1. Technical Field
The present disclosure relates to a method for making carbon nanotube film.
2. Description of Related Art
Carbon nanotubes (CNTs) are a novel carbonaceous material and have received a great deal of interest since the early 1990s. Carbon nanotubes have interesting and potentially useful electrical and mechanical properties. Due to these and other properties, carbon nanotubes have become an important new material for use in a variety of fields. However, the acquired carbon nanotubes are generally in a form of particles or powder and that is inconvenient for applications.
Currently, different methods are widely used for fabricating carbon nanotube films including a growing method, a spraying method, and a Langmuir-Blodgett (LB) method.
In the growing method, a carbon nanotube film is grown on a substrate by using a chemical vapor deposition (CVD). Multiple catalyst layers are formed on the substrate and reaction conditions of the CVD is controlled. In the spraying method, carbon nanotubes, dispersed in a solvent, are sprayed on a substrate, and the solvent is dried to form a carbon nanotube film. In the LB method, carbon nanotubes are dispersed in a solvent to form a solution, and another solution having a different density is mixed with the carbon nanotube solution, thereby causing the carbon nanotubes to float on the surface of the mixture to form a carbon nanotube film.
However, the carbon nanotube film manufactured by the growing method is not a free standing film. The thickness of the carbon nanotube film manufactured by the spraying method is not uniform. Carbon nanotubes in the carbon nanotube film acquired by the LB method are disorderly aligned.

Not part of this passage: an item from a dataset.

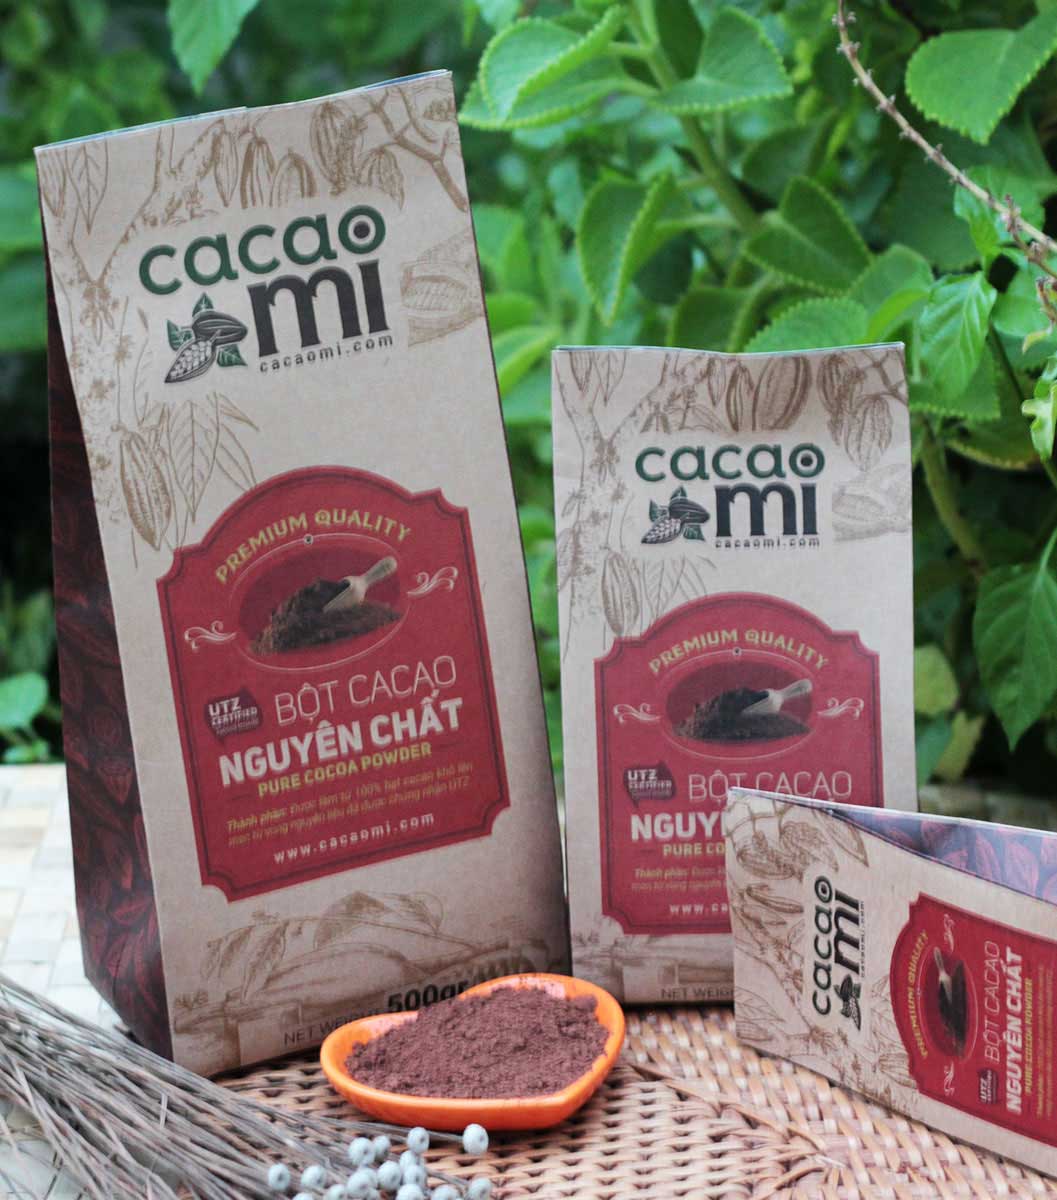 Túi cacao 250gr bột cacao nguyên chất

Referring to FIG. 6, a conventional method for making the carbon nanotube film, according to the prior art, includes: (a) providing a carbon nanotube array 12; (b) pulling out a carbon nanotube film 14 from the carbon nanotube array 12 by using an adhesive tape. In step (b), the carbon nanotube array 12 is contacted by the adhesive tape, and the adhesive tape is moved at a speed along a direction substantially perpendicular to a growth orientation of carbon nanotubes, thereby drawing a carbon nanotube film 14 from the carbon nanotube array 12. The carbon nanotubes in the carbon nanotube film 14 can be distributed uniformly and aligned orderly. However, the adhesive tape is soft, a flat contacting surface between the carbon nanotube array 12 and the adhesive tape cannot be easily formed. Therefore, the carbon nanotubes cannot be firmly adhered on the contact surface, during the drawing process some of the carbon nanotubes may detach from the adhesive tape, the carbon nanotubes contacted with the adhesive tape cannot be simultaneously pulled off from the substrate. Thus, a discontinuous spot 16 can be appeared in the carbon nanotube array 12, and a nonuniform thickness or a gap can be formed in the carbon nanotube film 14. The discontinuous spot 16 can be a small inflexion which appears in a boundary between the carbon nanotube array 12 and the carbon nanotube film 14 when the carbon nanotubes adhered by the adhesive tape are not synchronously pulled away from the substrate.
What is needed, therefore, is to provide a method for making a more continuous and uniform carbon nanotube film.